Christopher Sparks can be counted as one of the top cattle stud producers in South Africa after having claimed two prestigious national titles last year. Sabrina Dean visited him at his Mount Olive Brangus Stud in the Free State to find out what it is he is doing right.

Sabrina Dean
Award-Winning Brangus Breeder's Formula For Success

The bakkie bounces along through the sourveld grazing camp. The prevalent red grass, Themeda triandra, looks lush and healthy, thanks to the mist belt conditions on the farmland surrounding the tiny village of Swinburne in the Free State.

Ahead is a cow with her young calf. Stockman Bongaan Ncama jumps off the bakkie and quickly gets hold of the calf, only a few hours old but already strong and lively.

This ritual takes place at the birth of every calf on the farm. The colour is recorded and the animal is sexed, tagged and weighed. Within hours of its birth, breeder Christopher Sparks will have laid hands and eyes on the latest addition to his award-winning Brangus stud herd. Sparks, one of the top Brangus breeders in South Africa, won two awards in 2018: the Agricultural Research Council’s (ARC) Beef Improvement Herd of the Year, and the Breedplan Stud Producer of the Year.

BUYING BACK THE FAMILY FARM

Sparks grew up riding and hunting on the rolling hills surrounding Swinburne. His family owned most of this farmland, as well as the village itself, until his grandmother sold it off following her husband’s death. In the late 1990s, Sparks bought back his first plot of this land, a 1,8ha smallholding called Mount Olive Stables, where he kept his beloved Arabian horses.

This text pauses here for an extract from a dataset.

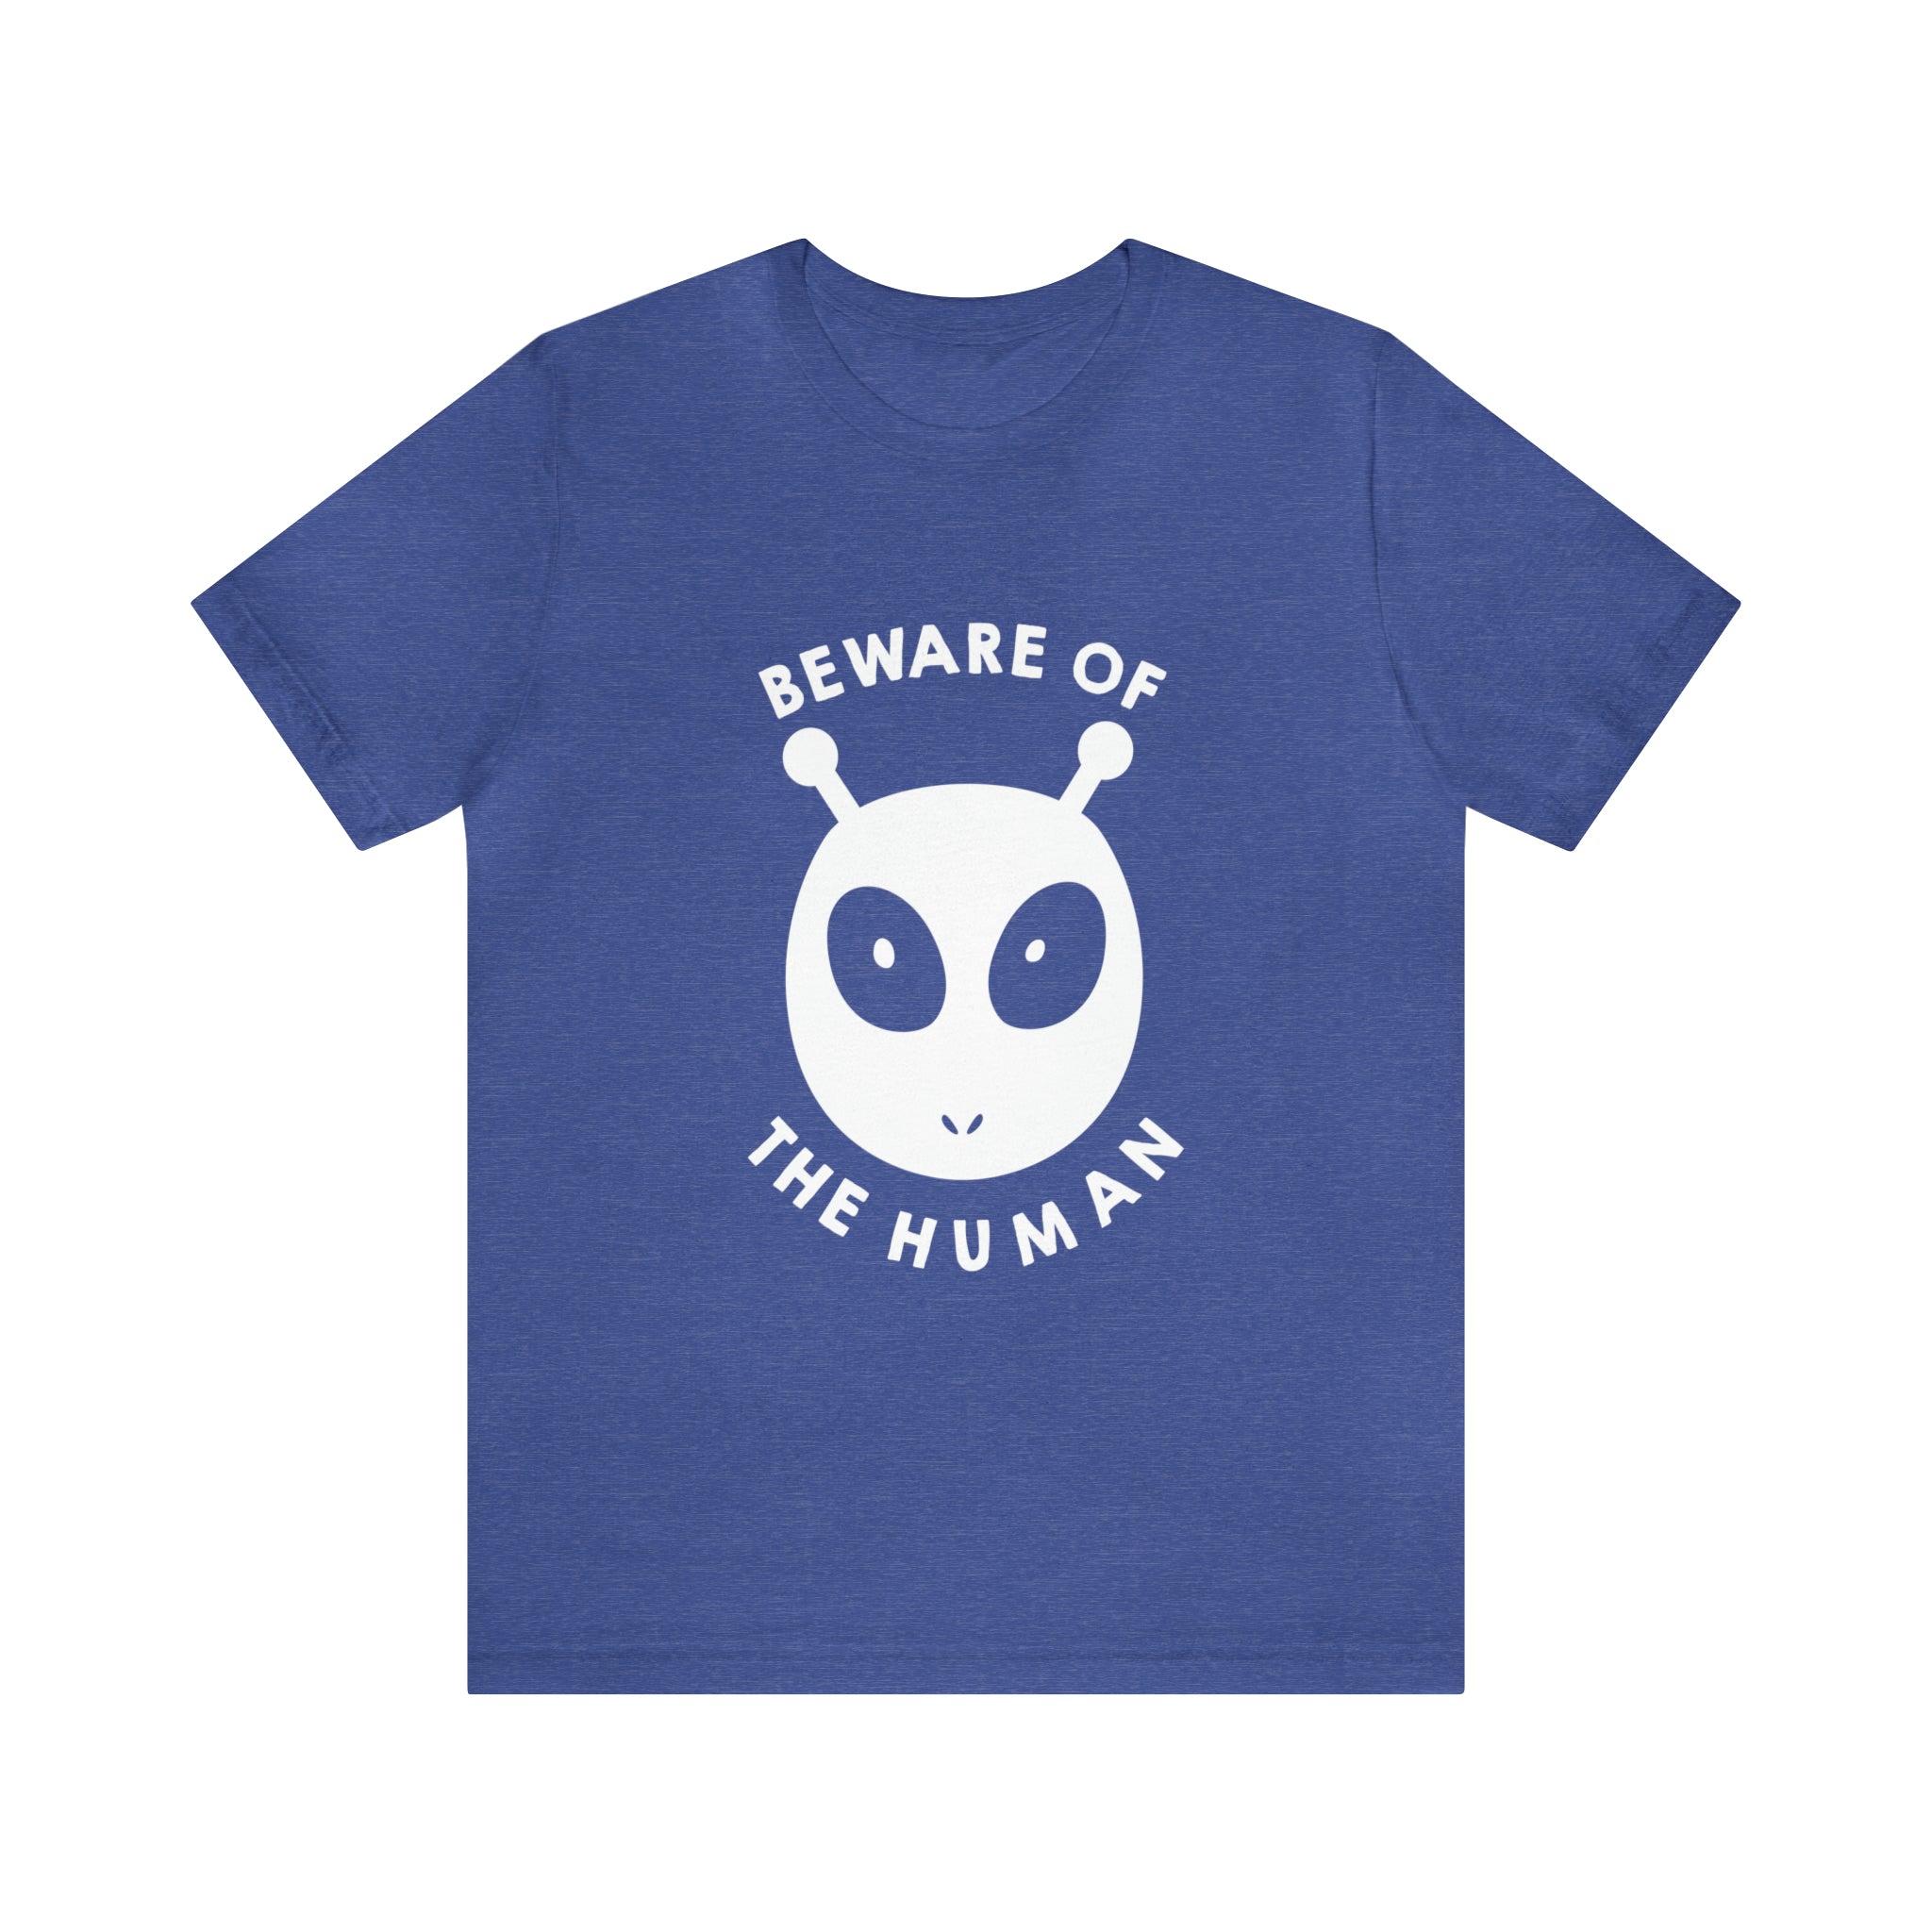 A Printify blue "Beware of the humans" T-Shirt.

Over the years he gradually acquired additional pieces of the farmland, and today has reclaimed much of the farm that once belonged to his family. An architect by trade, he runs his firm from an office he has established in the town.

His cattle component consists of the Mount Olive Brangus Stud and a Nguni conservation breeding and weaner production operation utilising stud-quality cows. In addition, he has his Mount Olive Arabian Stud and has recently purchased a herd of Xhosa Lob Ear indigenous veld goats.